C. Edwin Baker, Human Liberty and Freedom of Speech, New York: Oxford University Press, 1989.

John Stuart Mill, On Liberty, London: Penguin, 1974. Please buy this (cheap) edition so that we will all have the same page numbers in class.

Peter Weill and Jeanne Ross, IT Governance: How Top Performers Manage IT Decision Rights for Superior Results, Boston: Harvard Business School Press, 2004.

Etienne Wenger, Communities of Practice: Learning, Meaning and Identity, Cambridge: Cambridge University Press, 1998.

In addition, one book (which is unfortunately too expensive for most people to buy) will be available on reserve in the lab:

Sun Xupei, An Orchestra of Voices: Making the Argument for Greater Speech and Press Freedom in the People's Republic of China, edited by Elizabeth C. Michel, Westport, CT: Praeger, 2001.

And one additional reading is only available online:

Paul A. David and Michael Spence, Towards Institutional Infrastructures for E-Science <http://www.oii.ox.ac.uk/resources/publications/OIIRR2_200309.pdf>, September 2003.

Please print it out and bring it to class in week 9.

Course schedule. The readings indicated for each week should be completed before that week's class. There is no reading before the first class meeting.

Week 1 (October 5). Introduction.

Week 2 (October 12). Mill, including the editor's introduction.

Mill is the most important libertarian theorist of civil liberties. He advocated aristocratic domination of society, and yet he articulated the argument for freedom much better than the noisy democrats of his day. For Mill, freedom entails a particular type of culture whose relationship to Internet culture, say, is a matter of some importance.
Week 3 (October 19). 9/11 Commission Report, chapters 3, 6, 8, 11, and 13.
This is the best government report ever written, and every citizen ought to read it. We, however, will be reading it in a special way. Although terrorists are of course important, our own topic is information, and the 9/11 report is packed with ideas about information.

We're not reading the September 2005 update to the report, but here it is anyway:

http://www.archives.gov/research/9-11-commission/staff-report-sept2005.pdf

Week 4 (October 26). Baker, introduction and chapters 1, 2, 3, 5, and 10.
This is the leading left-wing alternative to Mill's theory. In contrast to Mill's theory, Baker argues the more expansive thesis that free speech exists to promote individual self-realization and participation in social change. Is such an idea even intelligible in the wartime climate post-9/11?
Week 5 (November 2). Sun.
It is time for us to learn about China. Westerners have read many Western arguments about why China should increase its press freedom. This, however, is a Chinese argument for increased press freedom, one whose relationships to the arguments of Mill and Baker will probably take some analyzing.
Week 6 (November 9). Wenger, prologue and part 1.
The West has generally interpreted learning as something that happens inside of individuals.

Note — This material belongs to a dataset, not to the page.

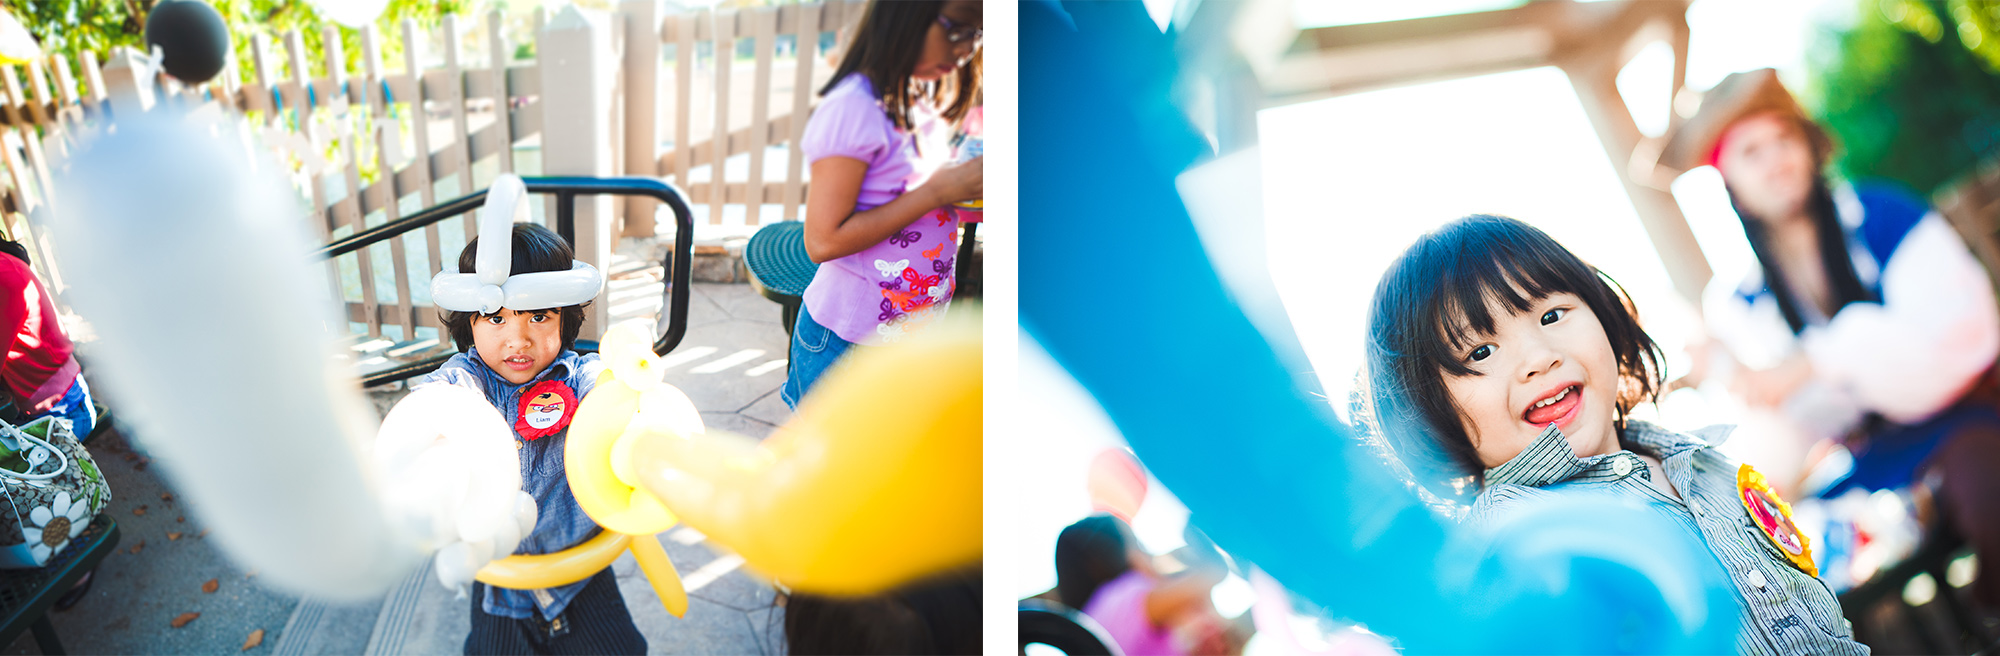 newburyport-birthday-party-photographer-stephen-grant-photography-060.jpg

In this ethnography of information work in an office, Wenger describes types of learning that take place in communities.
Week 7 (November 16). Wenger, part 2 and epilogue.
Learning for Wenger isn't basically about getting something but about becoming someone -- acquiring, that is, the identity of a community. The epilogue explains what this novel idea means for the design of technologies, organizations, and educational systems.
Week 8 (November 23). Weill and Ross, chapters 1-5.
Modern organizational activities are thoroughly mediated by networked computing systems, and these systems continually grow and change. This book explains how organizations can design rational policies for the governance of all this growth and change.
Week 9 (November 30). David and Spence.
The future of the Internet is the grid, a stack of technologies for bringing together diverse computational resources in a general, dynamic way. The grid will make possible new and advanced types of collaboration, and this paper discusses how these new relationships might be governed.
Week 10 (December 7). Draft papers.
Please bring a draft of your term paper -- as complete as possible -- to class during week 9, one copy for everyone. During week 10 we will divide up the available time and discuss the drafts in whatever ways might be useful.